On getting involved in broadcast journalism: [My dad is a journalist] and when we were kids, every time there were home movies, he would hand me a microphone and say, stand up and tell everyone what we’re doing today. So I was always in that mindset. And before I started skating I wanted to get involved in broadcast journalism. I’ve always enjoyed writing, always enjoyed being in front of a camera. So it just seemed the natural step to take after my skating career.
On blogging: I started writing for True/Slant because they didn’t have anyone writing for them about skating at the time, and they were receptive to the idea. I’m not trying to be a journalist who calls up skaters and interviews them after every competition. I’m more trying to uncover things in the sport that the mainstream media doesn’t cover but that I know about from having been in the sport, things that even fans don’t know about, like overzealous skating parents [laughs]. I’m trying to come up with topics that people don’t hear about because they don’t get it from mainstream media. [Some of it] is hard to write, but it’s the truth. And if it’s not the truth, why not put it out there? There’s probably people that have parents that are intense as my mom [could be], and there’s people struggling with eating disorders, and I think by being honest, people appreciate that and can relate to that.
On her claim to be “running from the Russian federation”: I went to the [2004] Cup of Russia [competition], and the medalists and the people who skated in the exhibition, like Evan Lysacek, they received a glass egg. And after the competition, he and I were in my room, and we had the egg, and we were upset or something happened, and the egg smashed on the floor. And a few hours later, he and I were on the bus going to the airport, and someone got on saying, is Jennifer Kirk on the bus, so of course we had to get off. And they accused us of trashing a hotel room, which we didn’t do. The last night of a competition, skaters are partying a lot, there’s glass in the hotel room, the drawers are pulled out because you’re getting packed to go to the airport — it looks a certain way. But he and I had to write a letter to the Russian federation apologizing, and asking permission to get back into the country for the world championships a few months later. I don’t even know if I’m supposed to be talking about it, but it was a big scandal. We had to meet with the US Figure Skating Association and explain what happened. It looked one way, but I can promise you it wasn’t like that at all [laughs].
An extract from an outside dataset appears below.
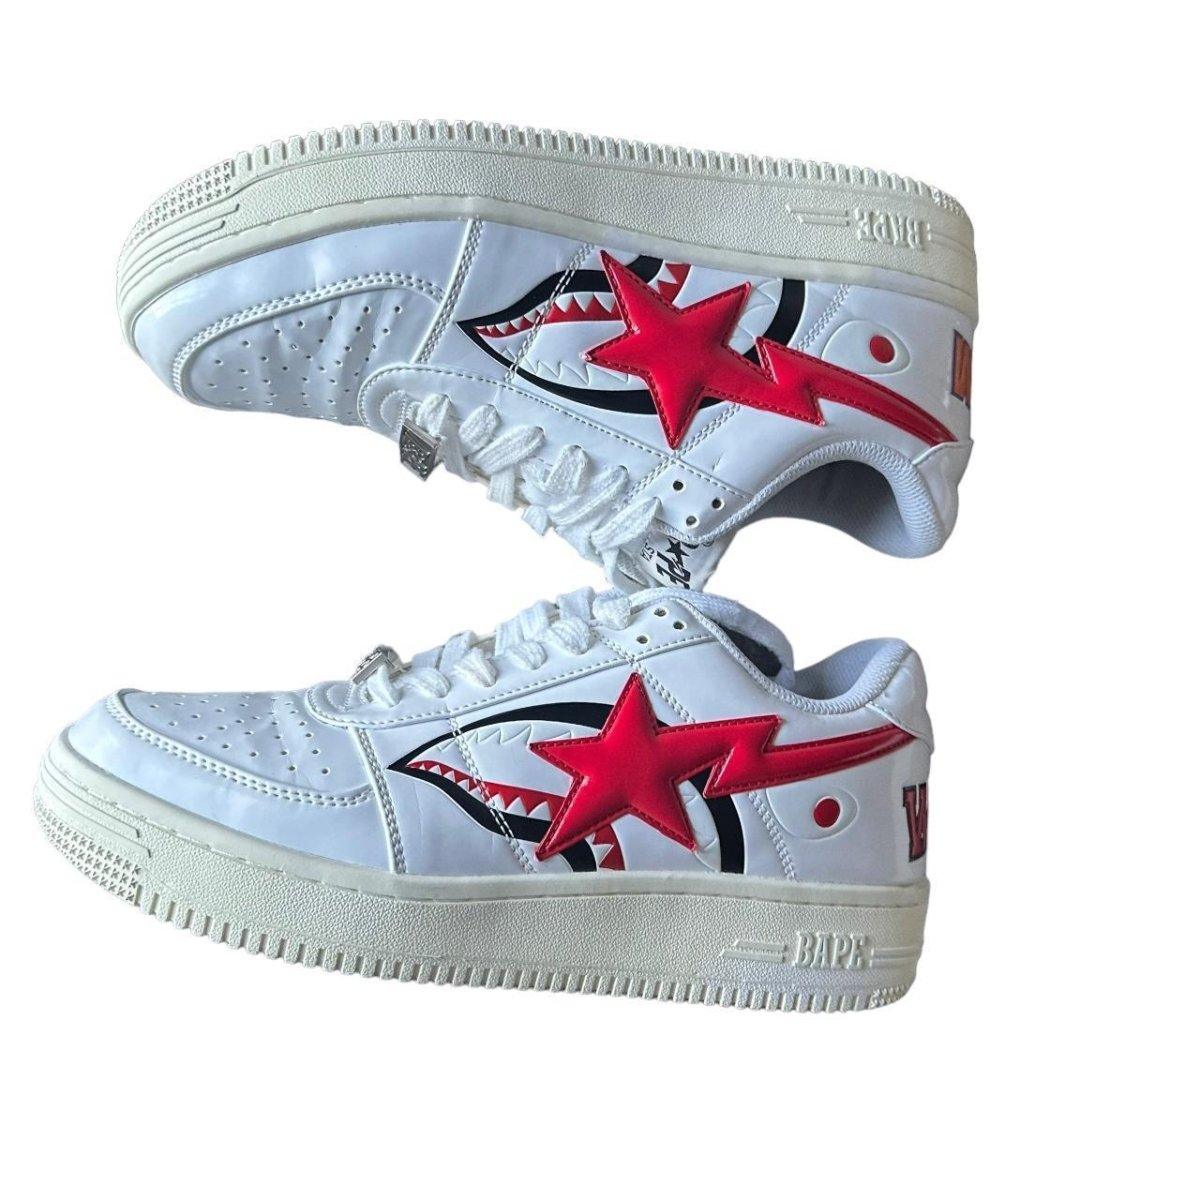 A Bathing Ape Bape SK8 Bapesta Low Red White - Known Source

At the time it happened I didn’t have a printer, and I remember sitting at Kinko’s thinking what I was going to write in my letter and how I was going to apologize. “Dear Russian Federation, I’m sorry I broke your egg” [laughs].
On her skating now: The last time I skated was probably about a year ago. I had a friend who was training for some events, and she asked me to help her, so I got on the ice and skated a few sessions. It’s surprising how fast it comes back to you, because before that I hadn’t been on the ice for about three and a half years. I don’t really crave skating any more — I prefer talking and writing about it.